After looking at PodiPodi yesterday there was an obvious problem of context, which brought up a very valid question, “why would someone want to do a google/yahoo/whatever search while on your page and have the results displayed as an overlay on top of your page?” There’s just no real point to it or value added to your site, so it seems really useless and as Ryan said, “just meant to be a flashy addition to a website.”
I found another program called Devo that solves this problem. Well, sort of… I’ll get to that later. It’s a Firefox extension that gives you basically the exact same UI (you press Shift+X or set the trigger command to whatever you want it to be instead of it always being Shift+Space) and allows you to search google, yahoo, flickr, wikipedia along with several other sites. There are also a few other cool features like annotating a site through SharedCopy. Those are all cool, but what I think really makes this stand out is that it allows you to create your own commands.

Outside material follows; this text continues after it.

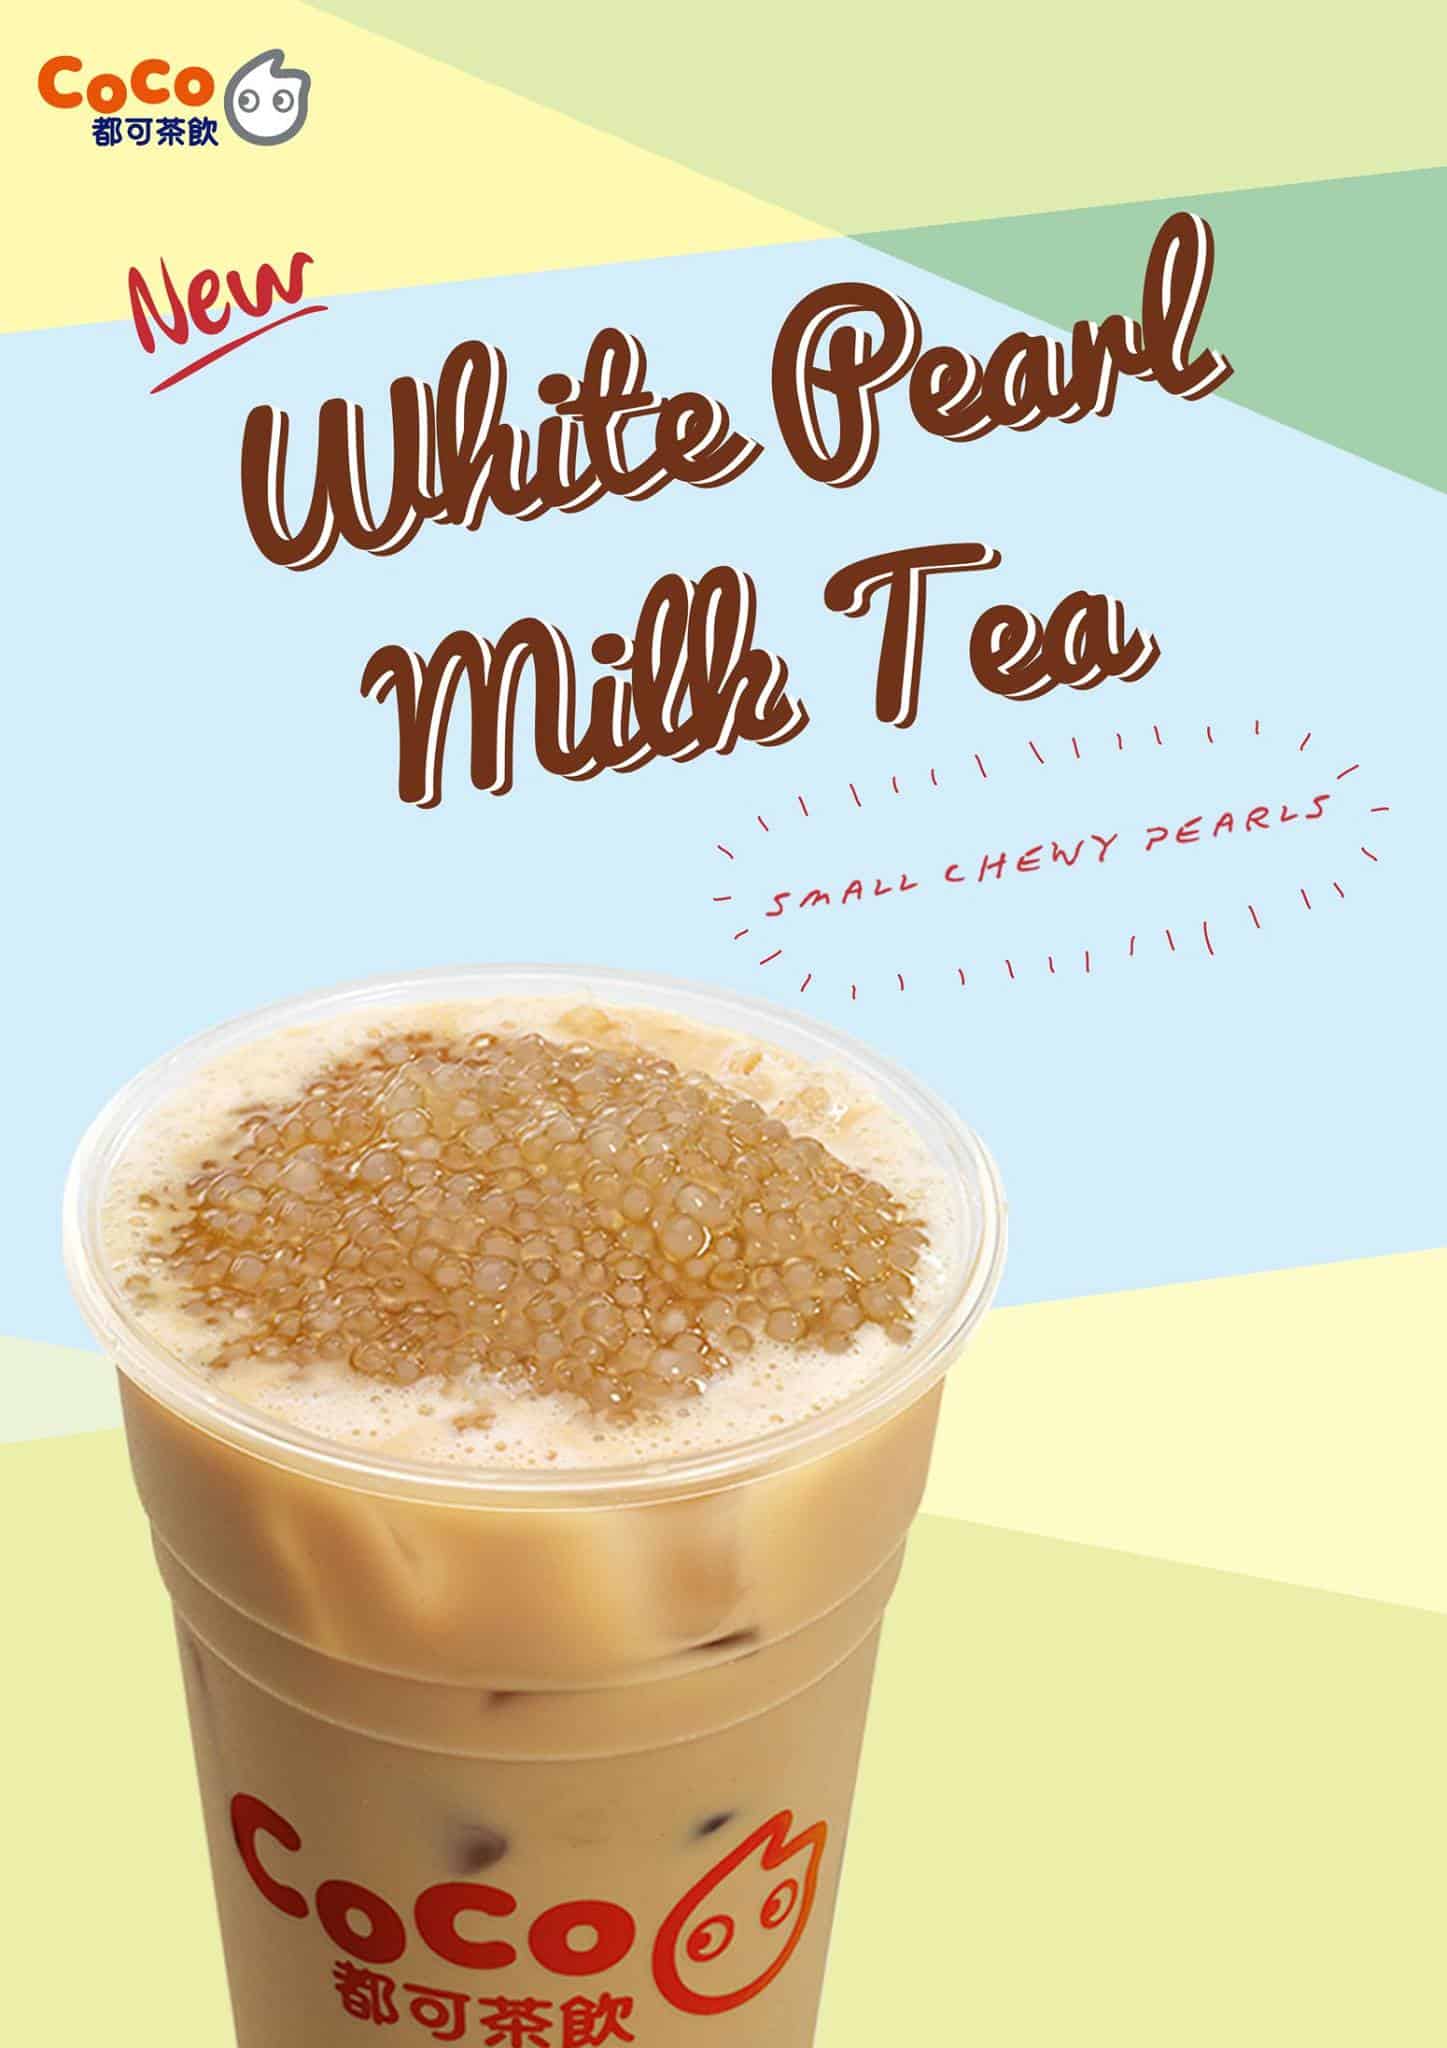 pearl milk tea coco fresh tea and juice menu

So, back to the contextual problem; I still see it here. These commands are only available when Firefox is open. What if you boot up your computer and you want to immediately do a google search, without having to open Firefox? What if you want to use that same UI to do something in another application, like notepad, iTunes, or internet explorer? I think that ultimately Enso solves the entire contextual problem because it’s a small program you download and install on your computer. This makes it computer-wide, so you can use it within any application you want to.
As for the features that Enso packs, it has all the web searches you could ask for. There are media controls to control your music (which Devo also has, however you must have the FoxyTunes Firefox plugin). There’s the spellcheck command which will do a spellcheck on any text you have highlighted, and since this is computer-wide it brings spellcheck to every application on your computer, which is pretty damn cool if you ask me. There’s also the launcher commands which, if I’m remembering correctly, crawls your computer for applications to run and adds them to the launcher so to open the calculator you can type, “open calculator” or “open calc” since the auto-complete will fill in the rest.
I really like these command based UI’s that allow users to do what they want to do quickly, without losing focus of the task at hand or having to reach for the mouse, keeping the UI pretty (not like a command shell), and keeping the commands easily readable by humans. I think that once more and more people start using these, they’ll realize how helpful these tools can actually be.